Okay. I say that glibly: at one time I would have been willing to take a personal hit in the form of reduced or no Social Security for myself if it would "fix" SS. Now I am too jaded to believe that's being anything other than a chump. But sure, at some point transfer payments are definitely going to have to be cut/reduced, and I bitterly hope it's not until after I'm dead.
Or we could look at both and not just go for your low-hanging emotionally satisfying culture war targets.
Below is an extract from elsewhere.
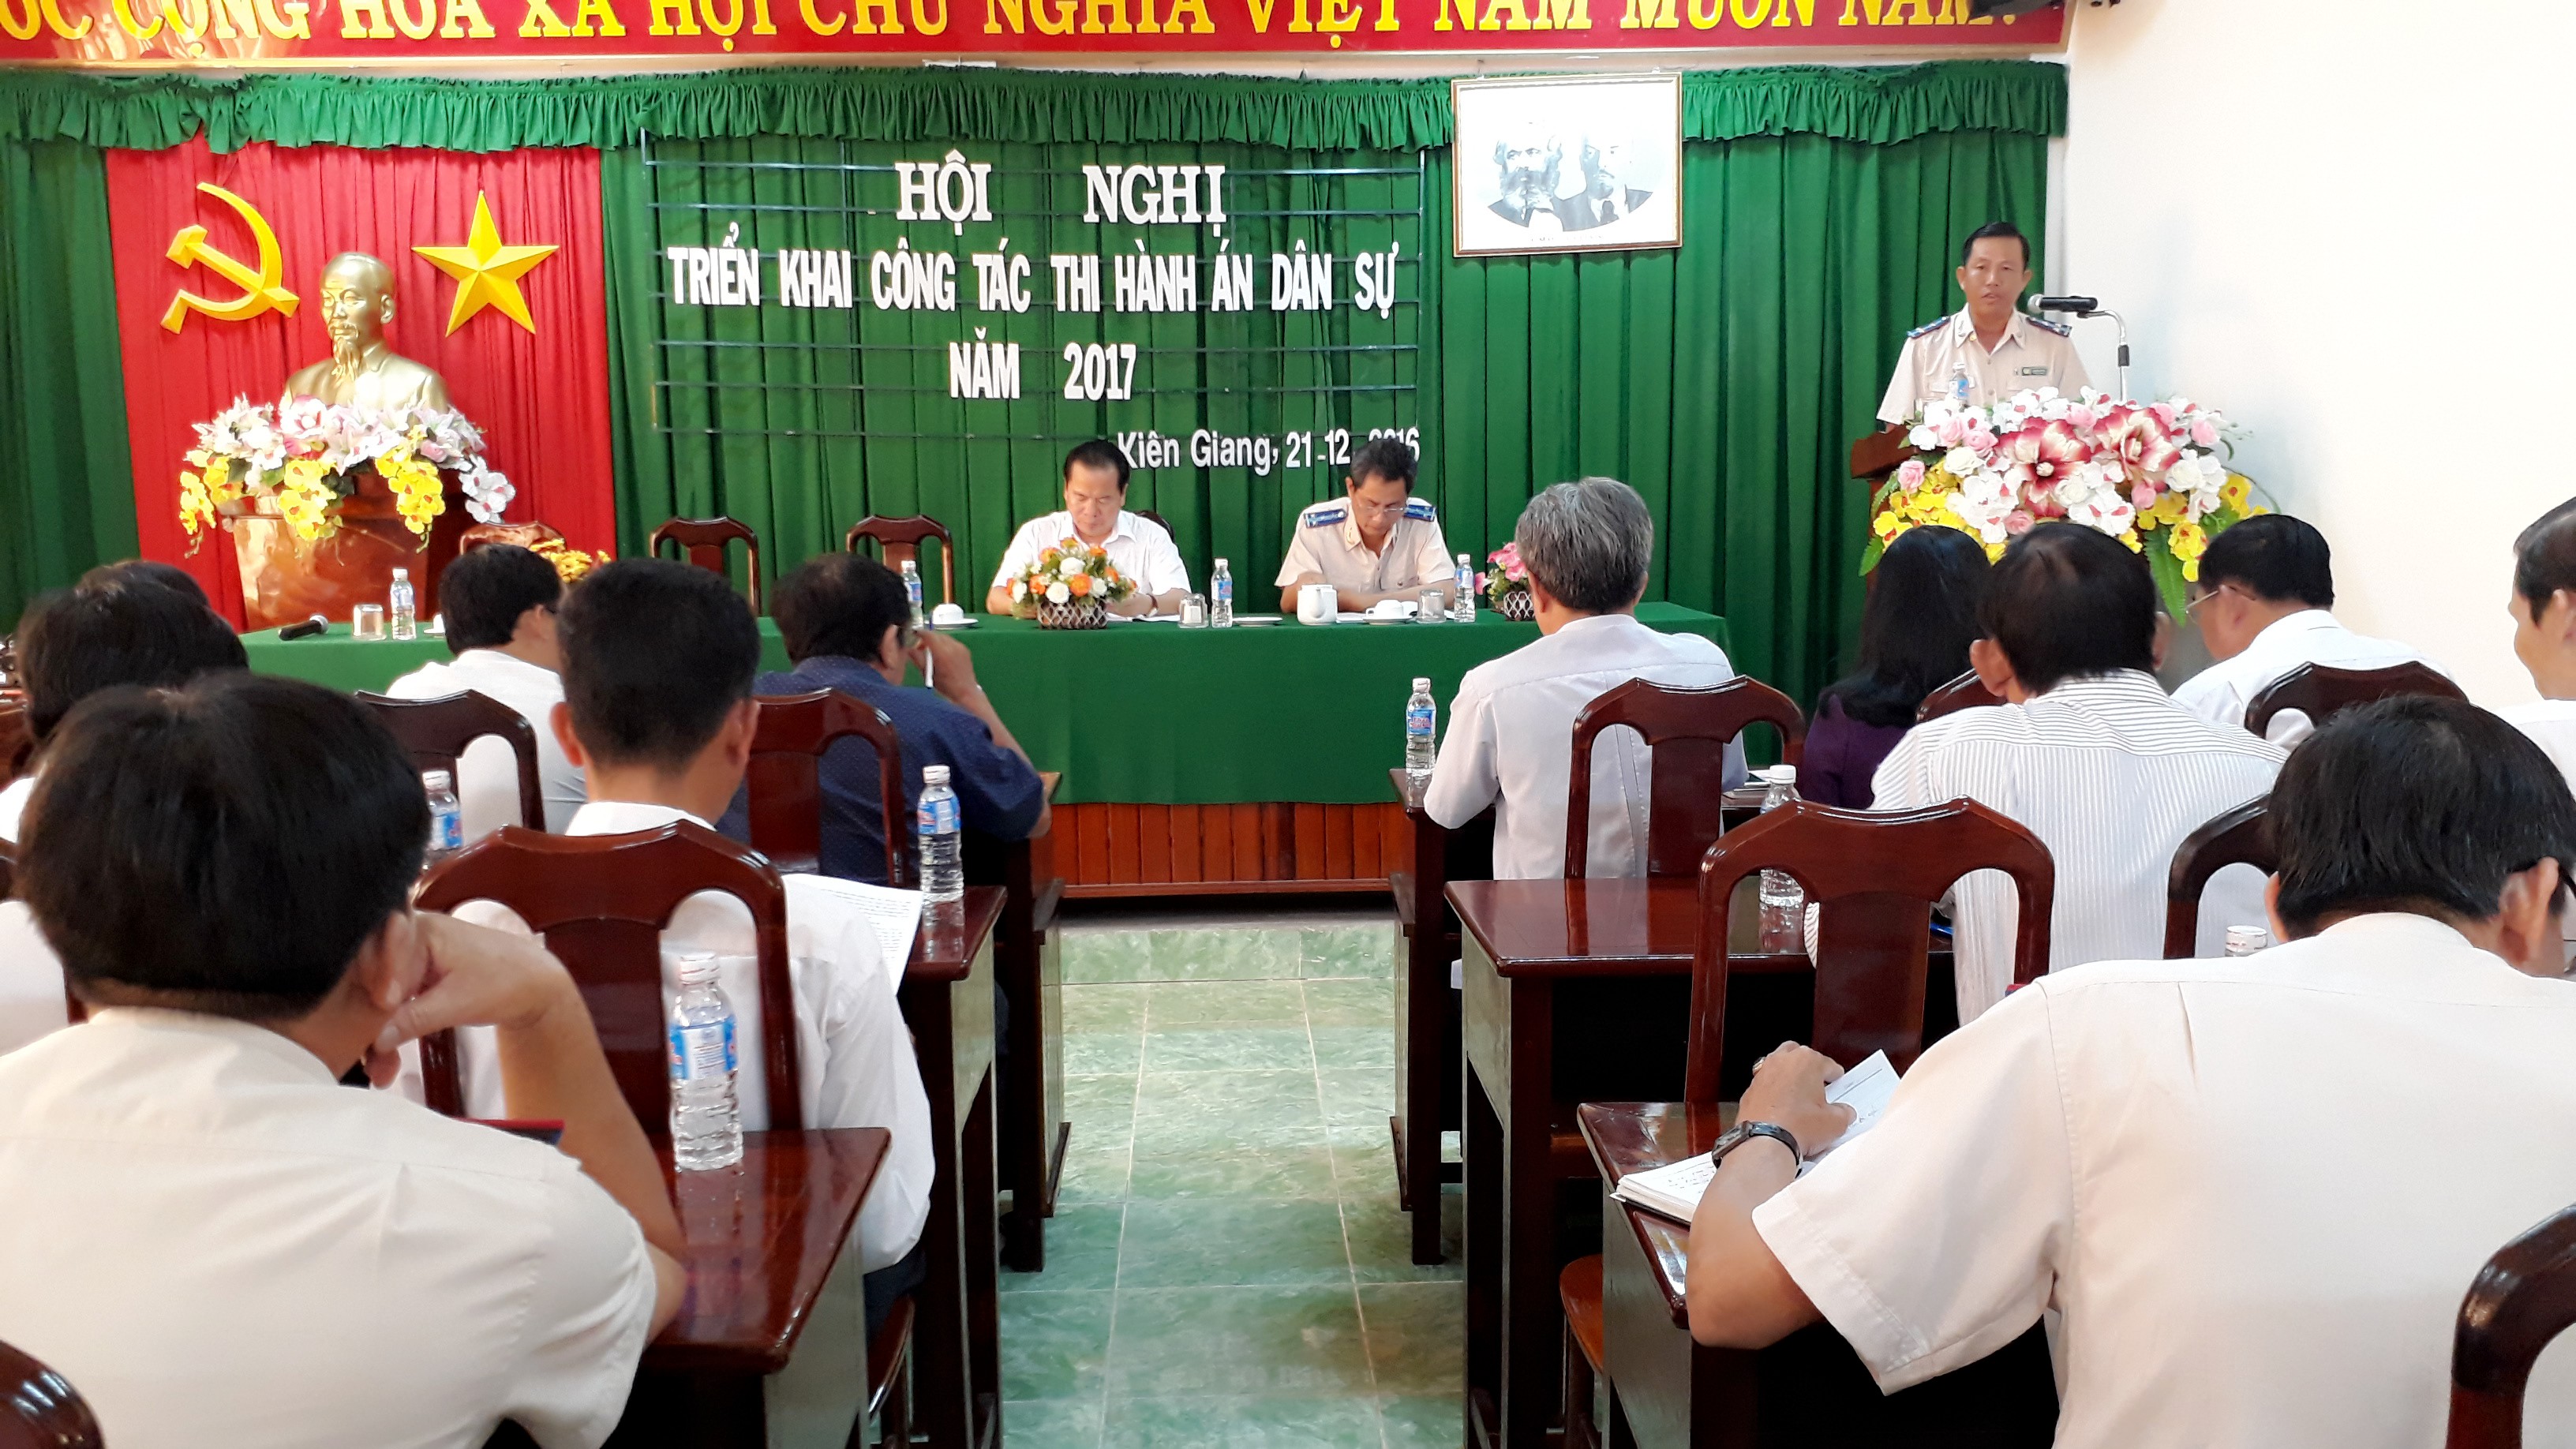 Cục Thi hành án dân sự tỉnh Kiên Giang  tổ chức Hội nghị tổng kết công tác năm 2016 và triển khai Kế hoạch công tác năm 2017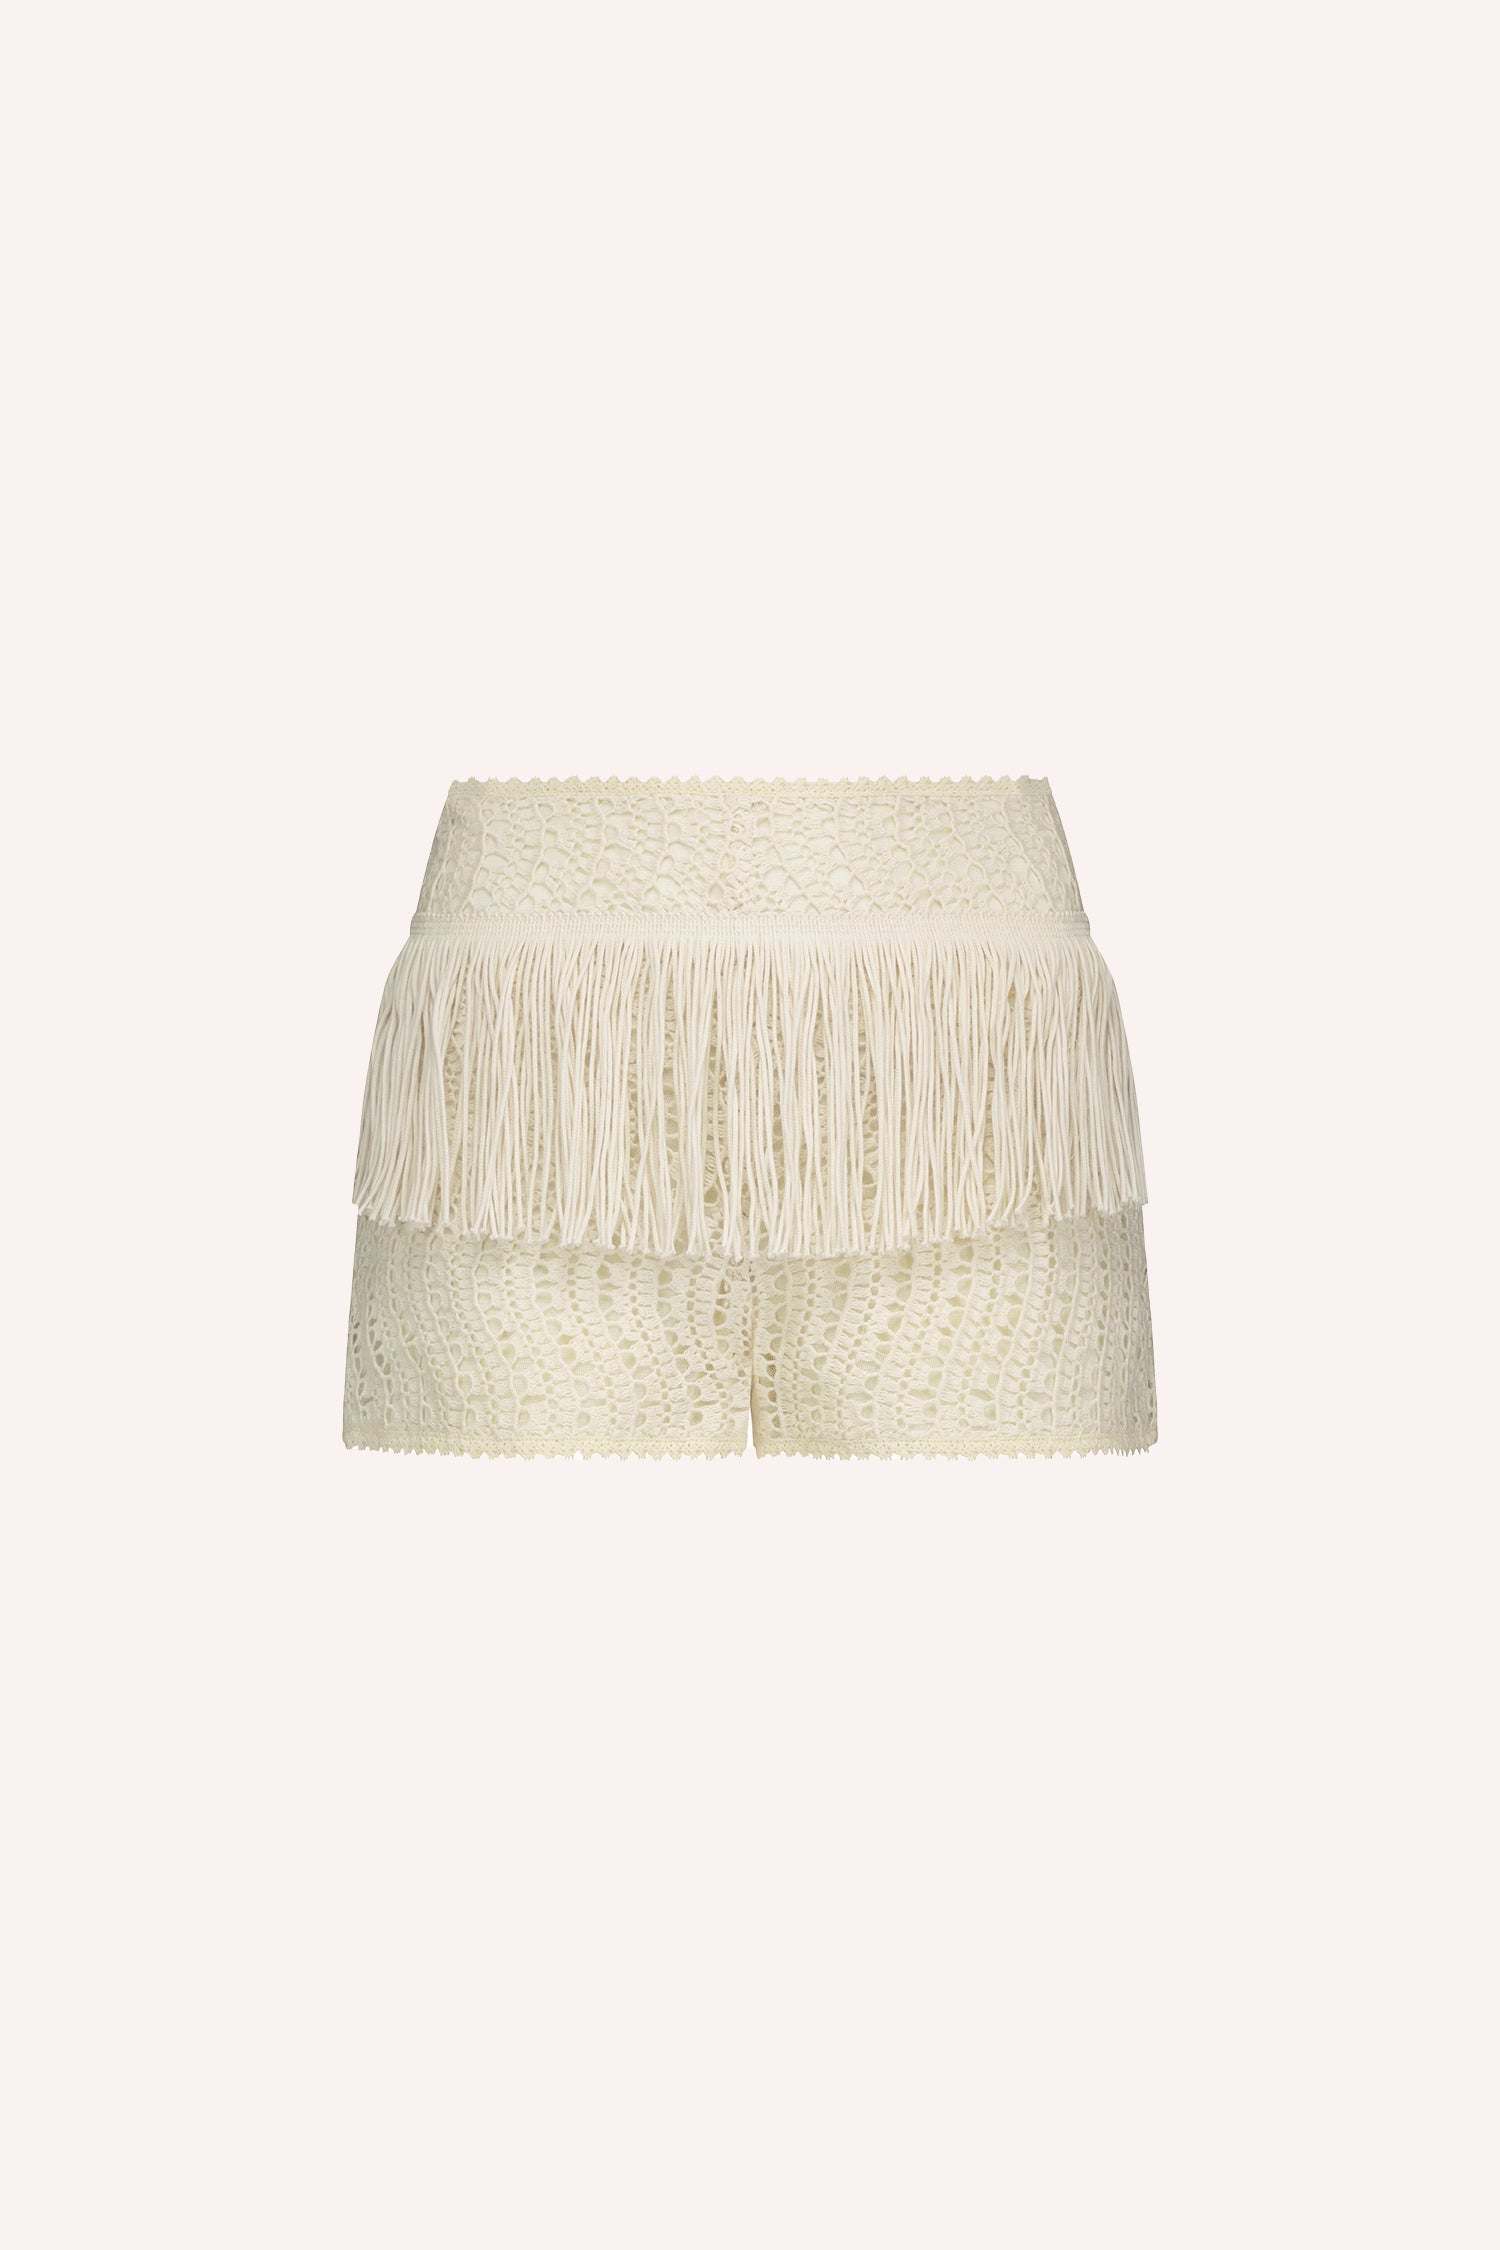 Anna Sui Shorts in pizzo all'uncinetto Crema, con una breve cintura di frange intorno ai fianchi,

I don't know if any union would meet my criteria for being non-corrupt. Nor do I care if those who join the union do an investigation. These questions are irrelevant; if the pension was obtained corruptly, it does not become non-corrupt through either the honest or willful ignorance of the beneficiaries.
You can certainly start a thread talking about Afghanistan or peso-buying. But when transfer payments are brought up and you want to talk about Afghanistan and Argentina instead, it sure looks like a distraction away from transfer payments.
That's a fully generalizable statement. People can argue any benefit you receive is because of some form of upstream corruption. The point is not to whatabout the point about union corruption and whether or not any pension would meet your standards for legitimacy. The point is you can't just abdicate on legal obligations because you don't like how they were created.
Or rather, you can, but you will sometimes be the whom and not the who.
But I'm taking to the wind. We're now burning down anything and everything if it hurts people we don't like. This will end well.
That people can argue something doesn't make it fully generalizable; it's if the argument "works" regardless of the underlying facts which makes it fully generalizable.
Eh, I can't, but the government certainly can. The contracts clause is dead.